Task to carry out:
An exact repetition of the data below, without images, is the expected answer.

Given information:
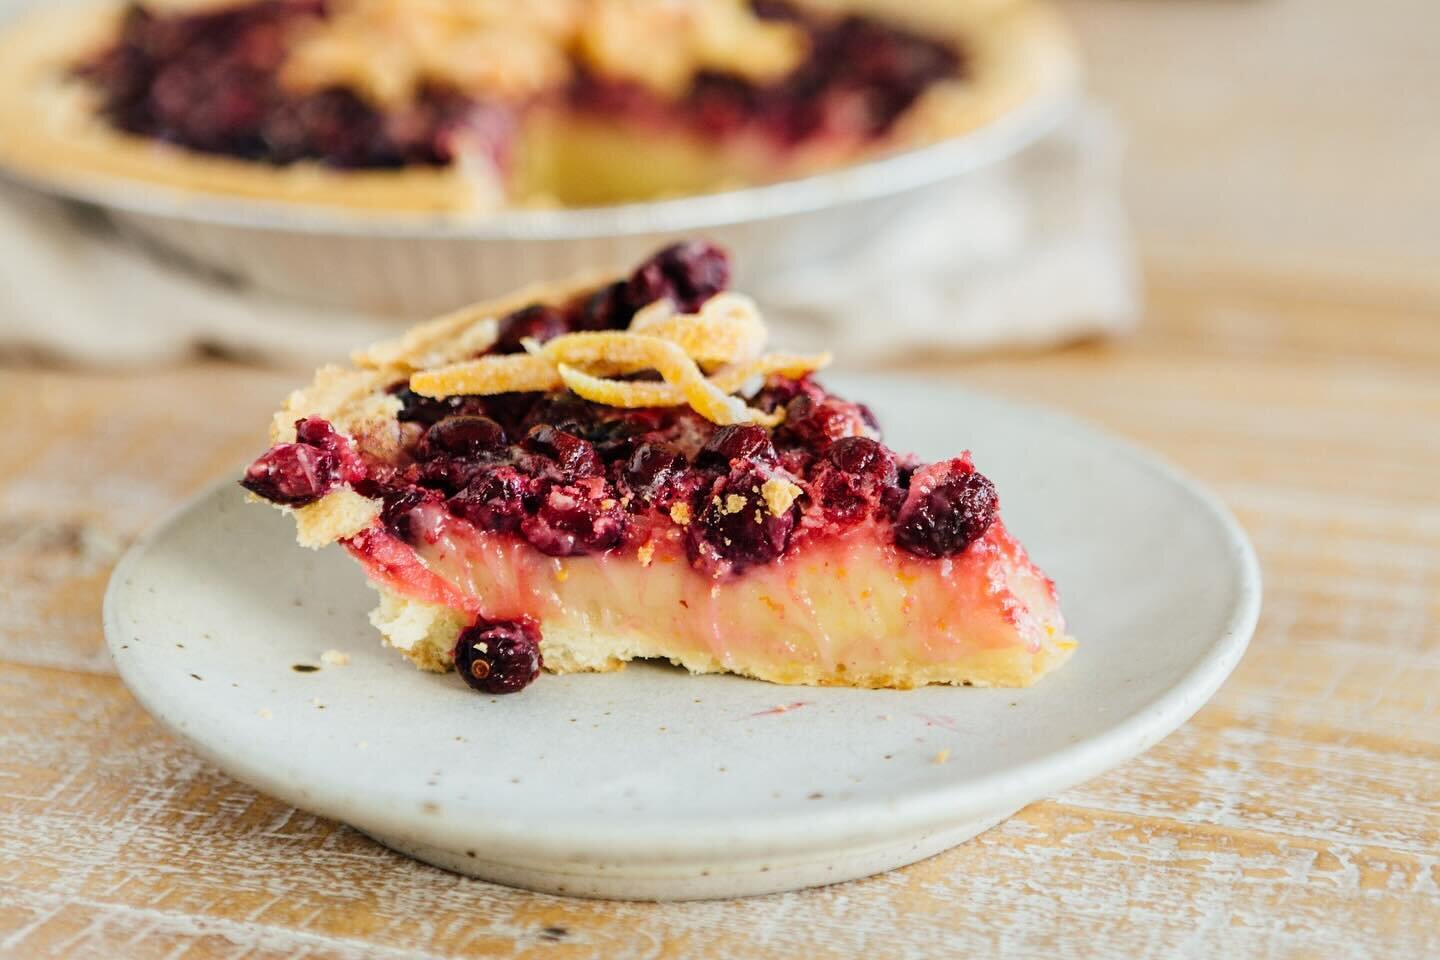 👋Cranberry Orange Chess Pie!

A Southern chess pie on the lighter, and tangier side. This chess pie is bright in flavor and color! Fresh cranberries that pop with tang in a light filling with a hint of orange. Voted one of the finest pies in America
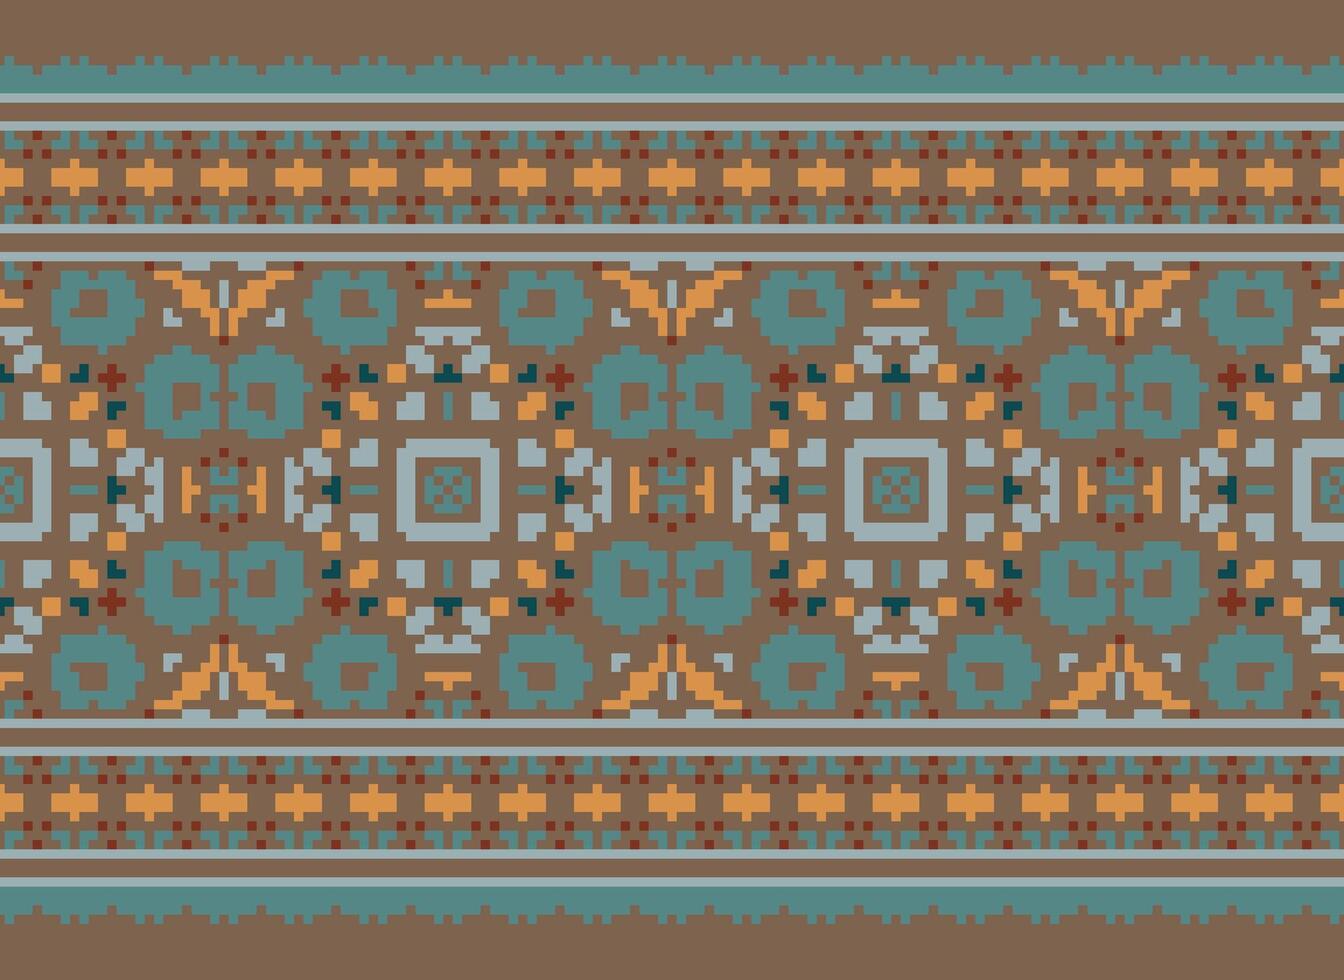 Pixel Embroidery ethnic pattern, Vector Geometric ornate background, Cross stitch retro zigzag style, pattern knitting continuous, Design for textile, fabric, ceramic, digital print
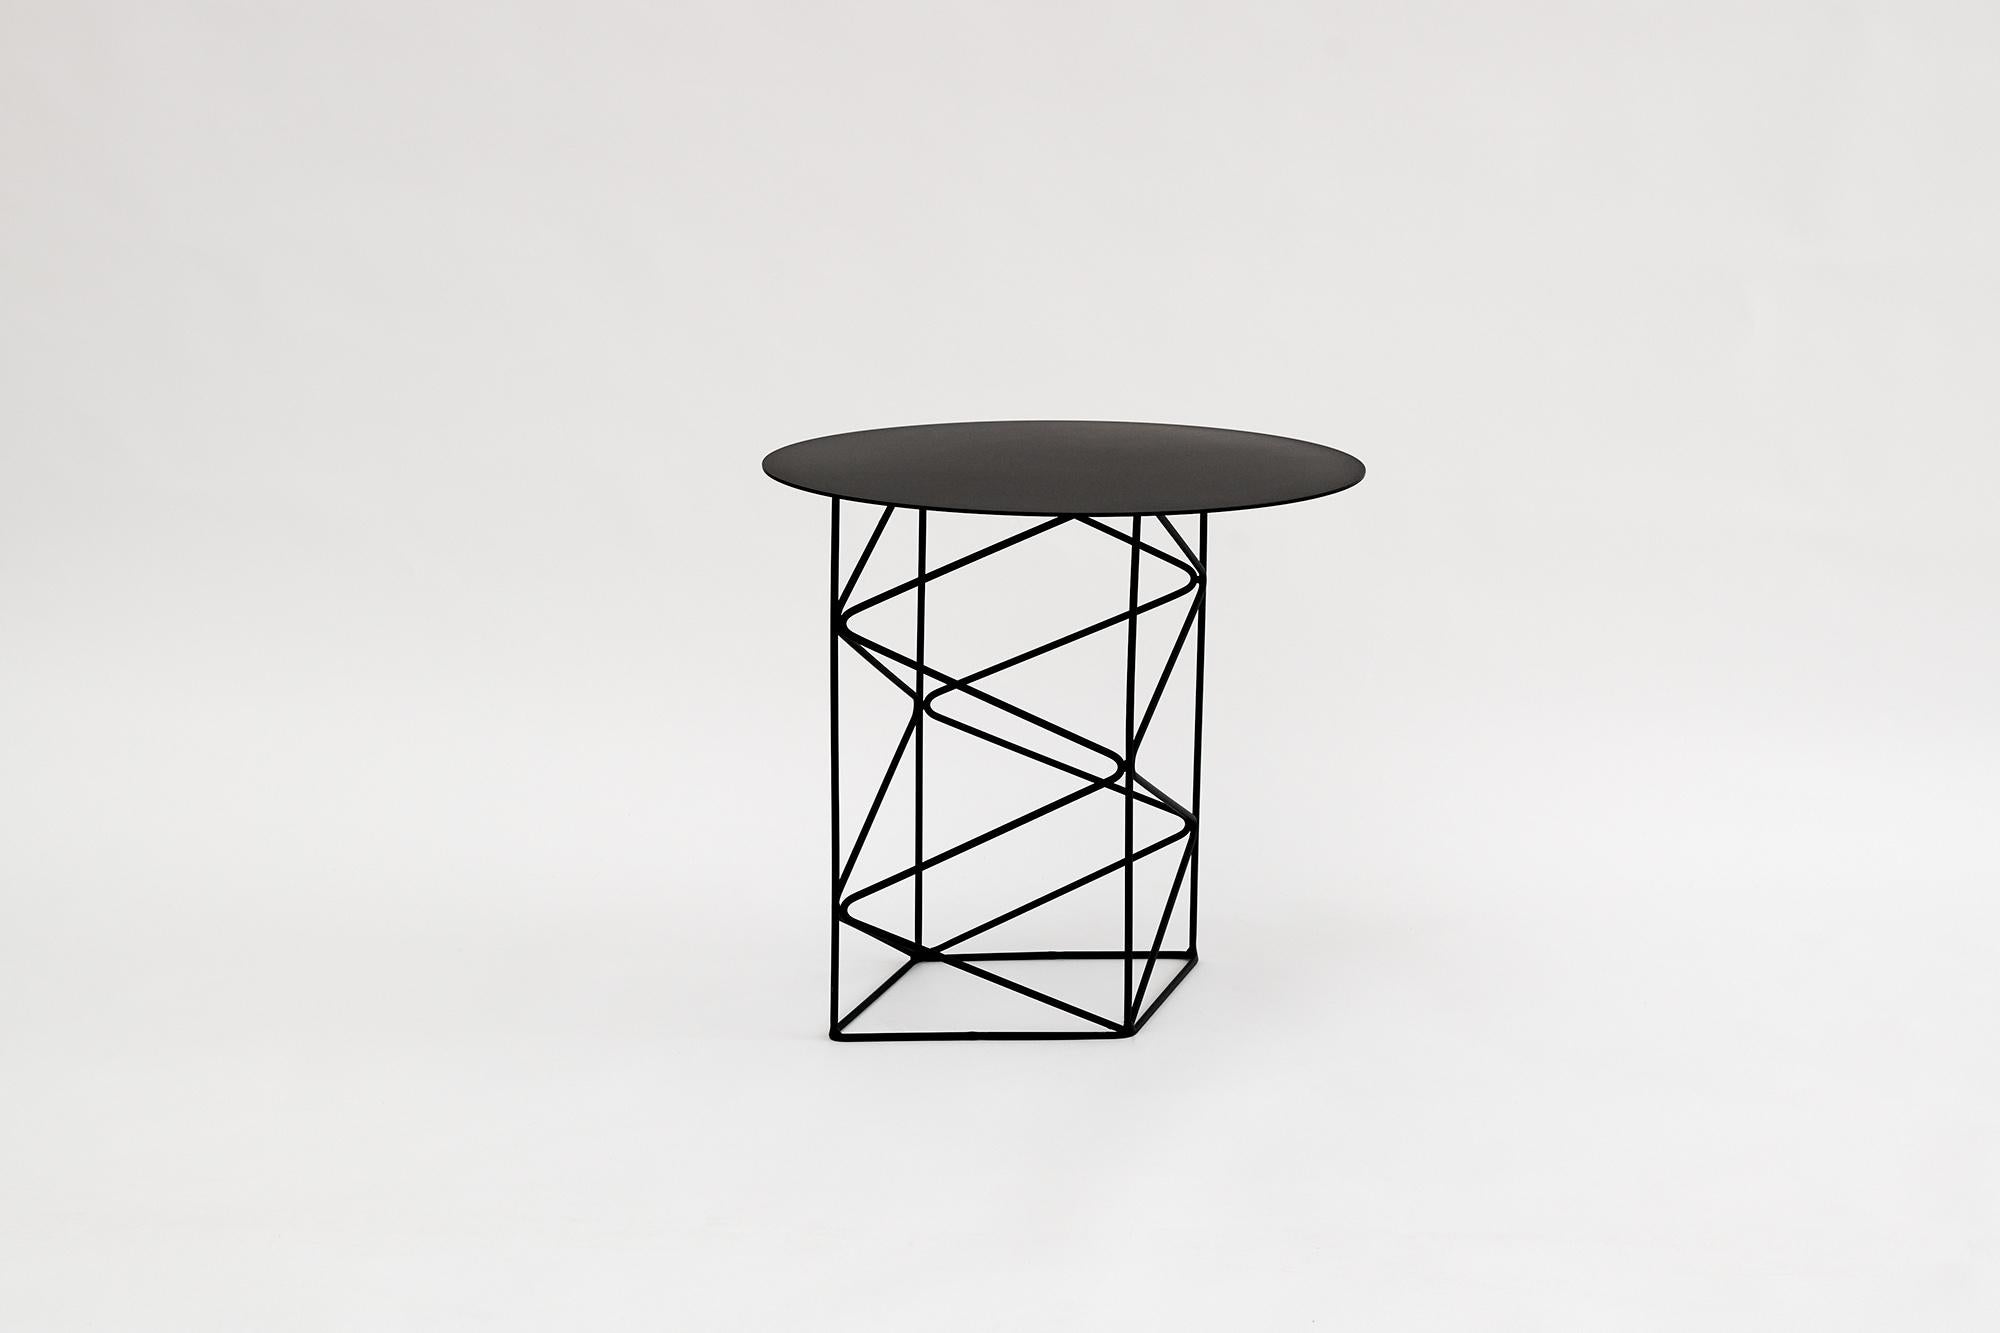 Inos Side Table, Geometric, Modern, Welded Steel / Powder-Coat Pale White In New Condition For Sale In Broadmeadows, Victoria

Written solution:
 👋Cranberry Orange Chess Pie!

A Southern chess pie on the lighter, and tangier side. This chess pie is bright in flavor and color! Fresh cranberries that pop with tang in a light filling with a hint of orange. Voted one of the finest pies in America
 Pixel Embroidery ethnic pattern, Vector Geometric ornate background, Cross stitch retro zigzag style, pattern knitting continuous, Design for textile, fabric, ceramic, digital print
 Inos Side Table, Geometric, Modern, Welded Steel / Powder-Coat Pale White In New Condition For Sale In Broadmeadows, Victoria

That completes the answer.